Moderate to severe aortic stenosis requires intervention. Balloon dilation valvuloplasty, performed in the Cath Lab, is the first-line procedure. This is not open heart surgery, is done via the femoral artery in the groin, and generally requires only an overnight stay in the hospital. It can also be done as an outpatient in older children. If open heart surgery is necessary, the surgeon will perform a valvotomy where the stiff and malformed valve is opened. This is only done when the valve cannot be improved with simple balloon dilation. In some more complicated valve issues, the aortic valve may need to be completely replaced. This is called a Ross Procedure and with it, the patient’s own pulmonary valve is transplanted to the aortic valve position. The pulmonary valve is then replaced with a homograft (human donor graft) from the right ventricle to the pulmonary artery. This is a wonderful option for younger children since the newly replaced aortic valve can continue to grow with the child. This prevents more frequent surgeries to replace a valve that the child has outgrown and also does not require that the child take blood thinner medication. However, it will require eventual replacement of the pulmonary valve homograft.
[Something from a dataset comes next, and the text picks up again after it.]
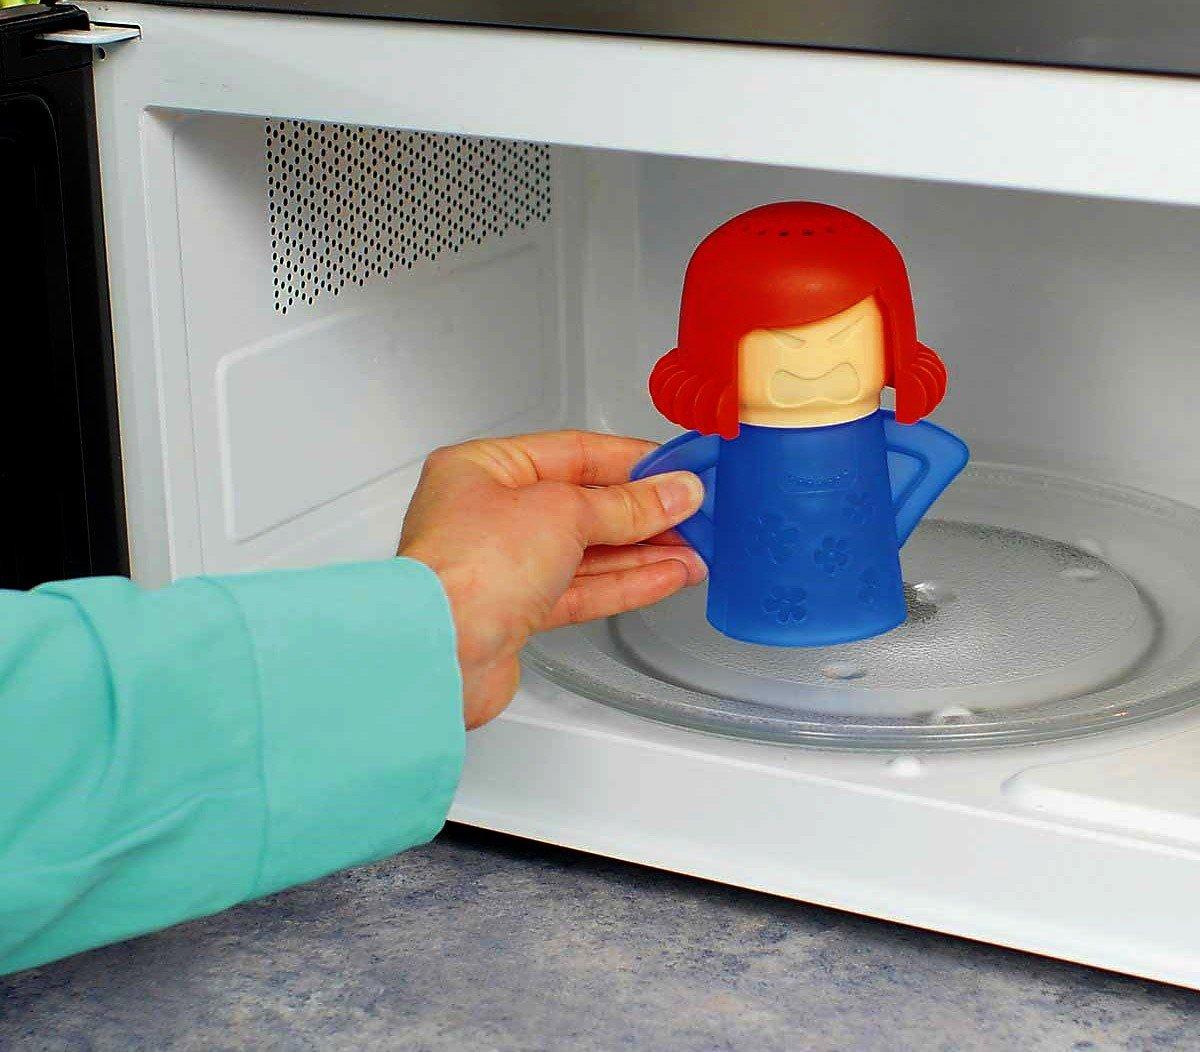 179108 Accesorio de plástico para la limpieza de microondas CLEAN ...

There is another surgical procedure that may be necessary if the aortic valve is too small. The Konno procedure is a technique to enlarge the area where a new valve needs to be placed. This new valve is called a “mechanical valve” because it is not made from the patient’s own tissue. This will require that the patient be on blood thinner medication along with regular blood tests to monitor blood levels of the medication, usually Coumadin. A mechanical “click” sound of this valve can be heard with a stethoscope.

Prognosis

Balloon dilation valvuloplasty has shown excellent results, even though it causes mild valve insufficiency or leakage. This generally does not cause problems; however, recurrent narrowing does occur in many children within the next 5-10 years after the procedure. Many of these children will require repeat balloon dilation or surgical valve replacement.

Results of these open heart surgical procedures have also been excellent as they relieve all aortic stenosis with low complication rates. If an adult-sized artificial aortic valve is implanted in larger children or adolescents, they should see excellent function for 20 years or more. If the replacement of the valve is done as a younger child, the concern is that the child will outgrow the size of the artificial valve, and repeat surgical replacement will be needed in later years.

All treatments for aortic stenosis are palliative not a cure. Long-term follow-up with a cardiologist is essential for helping to provide the best outcome for these patients.